Many Factors Combined Together to Put Brakes on the Rising Global Markets

Both the U.S. futures and the European stocks fell on Monday amidst few recent developments. There are geopolitical tensions in Asia and the U.S. President Donald Trump accused the outgoing US President Barack Obama of wiretapping him.

The biggest lender of Germany Deutsche Bank said that it needs to raise capital worth 8 billion euros for which it will issue more shares. This news led to a fall of 5% in the shares of Deutsche Bank. Both Germany’s DAX and FTSEuro First index, which has 300 leading shares listed on it, fell by 0.7 percent and a major contributor to this fall was Deutsche Bank. The banking index of Europe was also down by a percent.

A trader at Frankfurt-based Alpha, Stefan de Schutter said, “The question is whether this will be the last capital hike or whether the bank will need more yet again in a few years. Until now, none of the restructuring measures has borne fruit.

Dow was shining brightly till last week crossing the psychologically important level of 21,000 comfortably, but the fall of 0.5% in the US stock futures is bound to affect it too.

With North Korea firing four ballistic missiles in a day and a spat arising between South Korea and China over the issue of missile defence, this led to geopolitical tensions in East Asia.

The US markets have expectations that the Fed rate hike is very much on the cards in the March 14-15 meeting itself and by the way, markets have moved last week – it seems it has already factored in this. The investors are now looking for some clarity on Trump’s fiscal plans, which they were unable to get from Trump’s maiden speech at the Congress earlier last week.

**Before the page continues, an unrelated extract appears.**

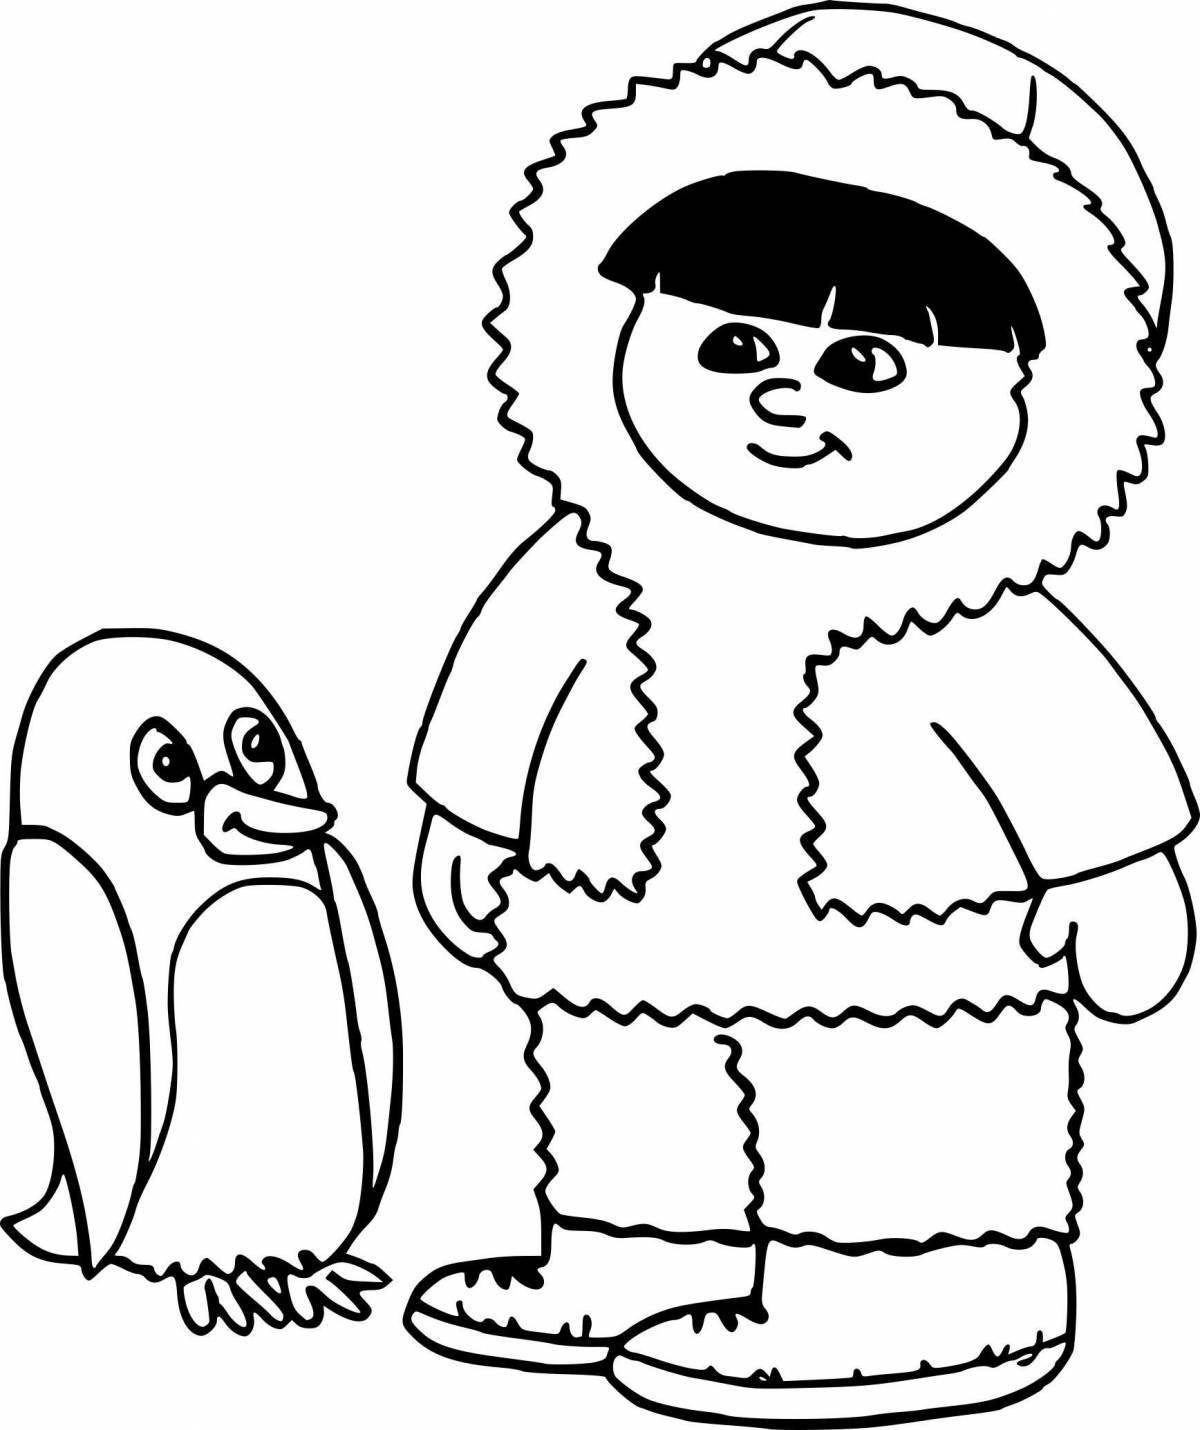 Coloring page of luxurious Chukchi national costume

The latest accusation of Trump on Obama is seen as Trump’s style of distracting the attention from the economic agenda by some of the people.

The rally on the US markets is going intact since November 8th when Trump was declared the President-elect. The markets rallied on his promises of tax reforms, increase in infrastructure spending, and keeping the interests of Americans his first and foremost priority. It was further fuelled when the US economic data showed that the economy is doing well and many Fed officials gave hints that rate hike is very much on the cards.

But the recent developments made investors take away some profit and both the dollar and the treasury yields went down on Monday.